The Bank of England (BOE) is set to lower the UK base rate by at least one full percentage point to 2%, a 69-year low, with a growing chorus also calling for a repeat of the BOE’s audacious 150-basis-point slash as leading indicators tell a story of a deepening recession and a disinflationary spiral.
BOE policy makers will announce their decision on Thursday, December 4 at 1200 GMT. Need To Know New’s (NTKN) Scream Audio will broadcast the announcement live.
Just last week, a slim majority of economists polled predicted a 50-basis-point cut at the very least after the bank’s ’shock’ 150-bps rate cut in early November, which took rates down to a 50-year low of 3%.
However, the latest round of November data has swung the consensus forecast to a more aggressive cut of 100 bps, which would take the official UK rate to 2% for the first time since the start of World War Two.
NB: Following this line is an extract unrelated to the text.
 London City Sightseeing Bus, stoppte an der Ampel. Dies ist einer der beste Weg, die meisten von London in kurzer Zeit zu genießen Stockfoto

UK rates have never been below 2%.
Wednesday’s UK services report cemented that bold forecast and led some to even call for a cut of 150 percentage points. The Markit/CIPS survey showed that the UK service sector shrank for the seventh month in a row, and at a record rate, to 40.1. New business, confidence and employment all fell at record rates as well.
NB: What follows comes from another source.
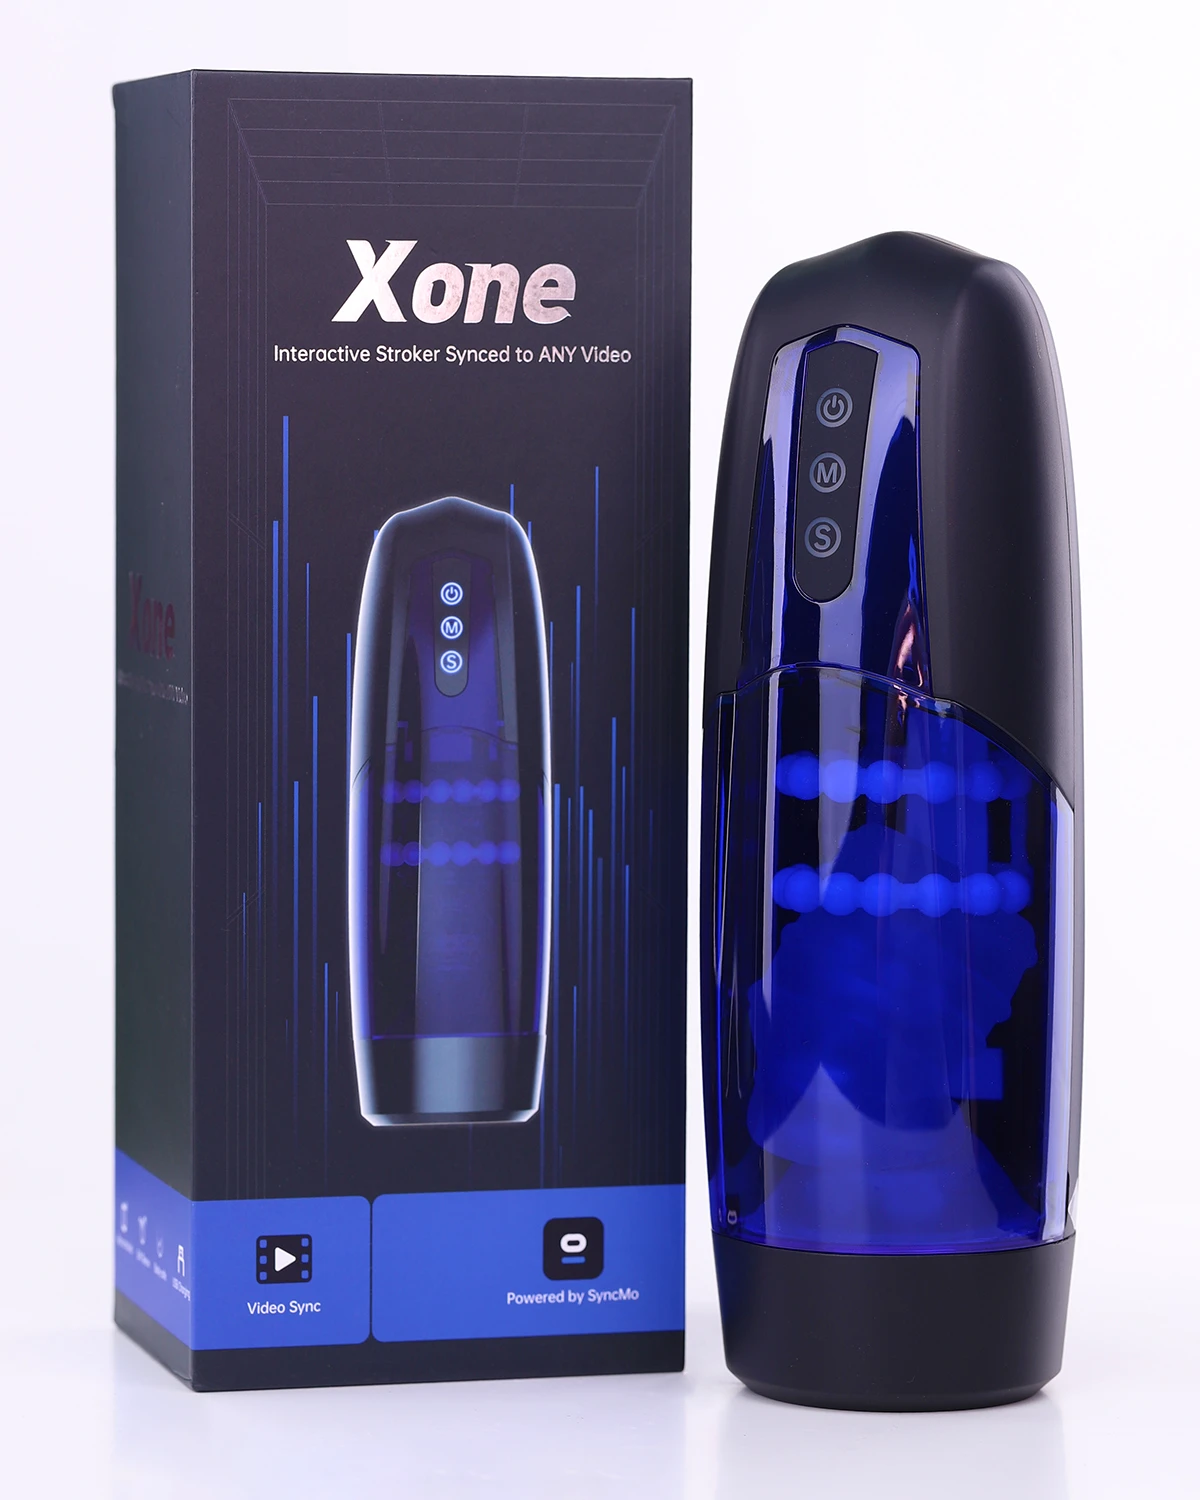 Magic Xone áp dụng công nghệ tương tác qua video

“This is a desperately worrying survey given the importance of the dominant service sector to the UK economy,” said Howard Archer, chief UK and European economist with IHS Global Insight. “The heightened financial sector crisis has obviously taken a particularly heavy toll on the services sector, while the deep housing market downturn and markedly reduced consumer spending on services is also hitting the sector hard.”
The services survey also showed disappearing inflationary pressures, with output prices contracting for the first time in seven years and input prices rising at their slowest rate since March 2002.
Founding member of the Bank’s Monetary Policy Committee (MPC) Willem Buiter accurately forecast the BOE’s 150-bps cut last month and is one who is looking for a similar move tomorrow. Such a cut would take the UK rate to a record low of 1.5%. The ex-BOE policy maker is eventually looking for UK rates to hit zero, and was quoted in the UK press today as saying that the only thing stopping the BOE from cutting rates to that level tomorrow is the worry ”about what it would do to the pound.”